Use the neonDataStackR Package to Access NEON Data
This tutorial goes over how to convert data downloaded from the NEON Data Portal in zipped month-by-site files into individual files with all data from the given site(s) and months. Temperature data are used as an example.
Download the Data
To start, you must have your data of interest downloaded from the NEON Data Portal.
The stacking function will only work on zipped Comma Seperated Value (.csv) files and not the NEON data stored in other formats (HDF5, etc).
Your data will download in a single zipped file.
The example data below are any single-aspirated air temperature available from 1 January 2015 to 31 December 2016.
This package was written to stack data downloaded in month-by-site files into a full table with all the data of interest from all sites in the downloaded date range.

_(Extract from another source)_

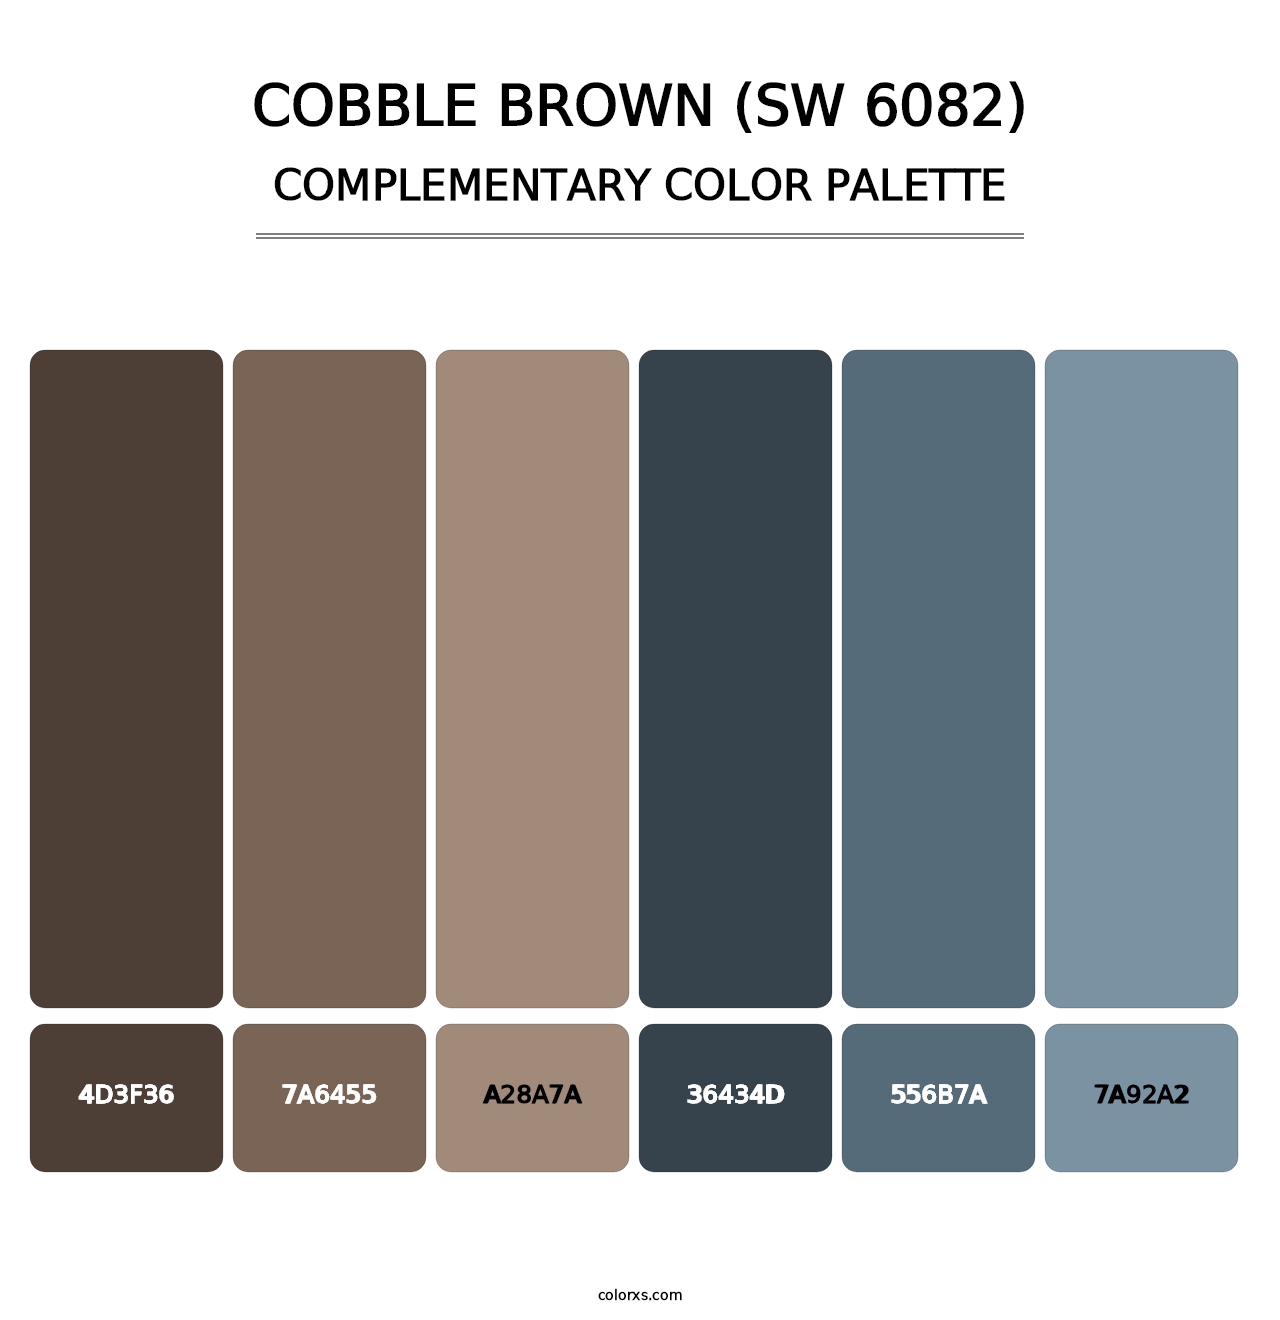 Cobble Brown (SW 6082) - Complementary Color Palette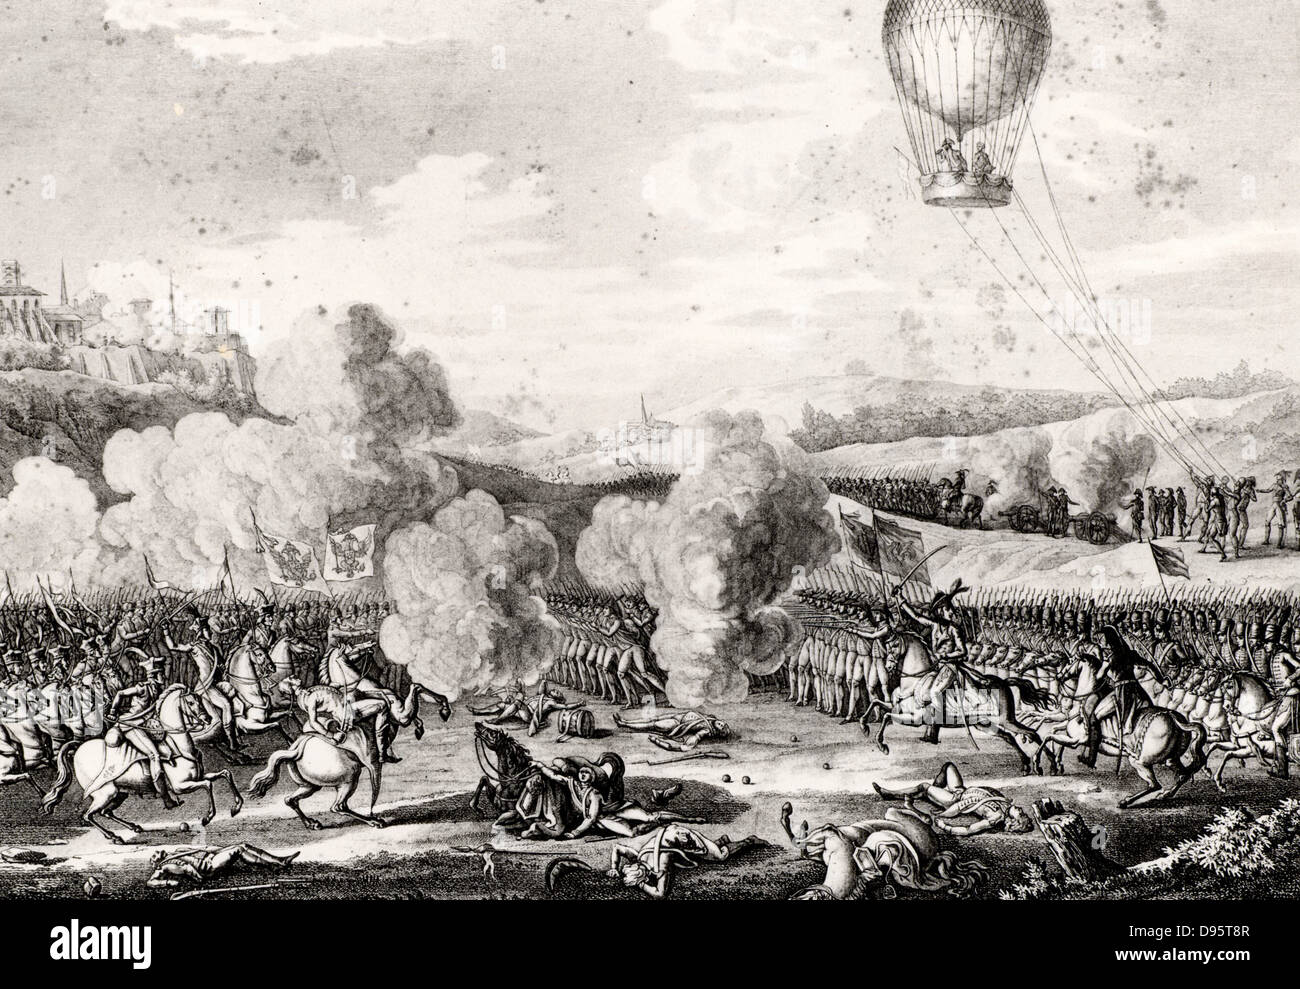 Battle of Fleurus 26 June 1794. French Revolutionary Wars. French defeat of the Austrians, Dutch, and their allies. The first use of a hot air balloon for aerial observation during a battle.  French captive balloon 'La Entreprenant' on right. From contemporary copperplate engraving. Stock Photo

More information on the package see the README in the associated GitHub repo NEONScience/NEON-utilities.
First, we must install the package from the GitHub repo. You must have the devtools package installed and loaded to do this. Then load the package.
# install devtools - can skip if already installed install.packages("devtools") # load devtools library(devtools) # load neonDataStackR from GitHub install_github("NEONScience/NEON-utilities/neonDataStackR", dependencies=TRUE) ## Downloading GitHub repo NEONScience/NEON-utilities@master ## from URL https://api.github.com/repos/NEONScience/NEON-utilities/zipball/master ## Installing neonDataStackR ## '/Library/Frameworks/R.framework/Resources/bin/R' --no-site-file \ ## --no-environ --no-save --no-restore --quiet CMD INSTALL \ ## '/private/var/folders/0p/x8phw1_156511_jqkryx2t8m2vn2t3/T/RtmpPD2fan/devtools52c155f1e8a2/NEONScience-NEON-utilities-5872bcd/neonDataStackR' \ ## --library='/Users/mjones01/Library/R/3.4/library' --install-tests ## # load neonDataStackR library (neonDataStackR)
There is a single function to run in this package
stackByTable(). The output
will yield data grouped into new files by table name. For example the single
aspirated air temperature data product contains 1 minute and 30 minute interval
data. The output from this function is one .csv with 1 minute data and one .csv
with 30 minute data.
Depending on your file size this function may run for a while. The 2015 and 2016 single aspirated air temperature from two sites that I used for a 2017 workshop took about 25 minutes to complete.
To run the
stackByTable() function, simply use the file path to the downloaded
and zipped file.
# stack files - Mac OSX file path shown stackByTable("~neon/Documents/data/NEON_temp-air-single.zip") Unpacked NEON.D10.CPER.DP1.00002.001.2016-07.basic.20171010T230533Z.zip Unpacked NEON.D10.CPER.DP1.00002.001.2016-08.basic.20171011T101525Z.zip Unpacked NEON.D10.CPER.DP1.00002.001.2016-09.basic.20171010T233829Z.zip Joining, by = c("domainID", "siteID", "horizontalPosition", "verticalPosition", "startDateTime", "endDateTime", "tempSingleMean", "tempSingleMinimum", "tempSingleMaximum", "tempSingleVariance", "tempSingleNumPts", "tempSingleExpUncert", "tempSingleStdErMean", "finalQF") Joining, by = c("domainID", "siteID", "horizontalPosition", "verticalPosition", "startDateTime", "endDateTime", "tempSingleMean", "tempSingleMinimum", "tempSingleMaximum", "tempSingleVariance", "tempSingleNumPts", "tempSingleExpUncert", "tempSingleStdErMean", "finalQF") # Note that I've removed some of the "Joining" output for ease of reading Finished: All of the data are stacked into 2 tables! Copied the first available variable definition file to /stackedFiles and renamed as variables.csv Stacked SAAT_1min Stacked SAAT_30min
From the single-aspirated air temperature data we are given two final tables. One with 1 minute intervals: SAAT_1min and one for 30 minute intervals: SAAT_30min.
In the same directory as the zipped file, you should now have an unzipped directory of the same name. When you open this you will still see all the month-by-site files, however, you will also see a new directory called stackedFiles. This directory contains one or more .csv files (depends on the data product you are working with) with all the data from the months & sites you downloaded. There will also be a single copy of the associated varibles.csv and validation.csv files.
These .csv files are now ready for use with the program of your choice.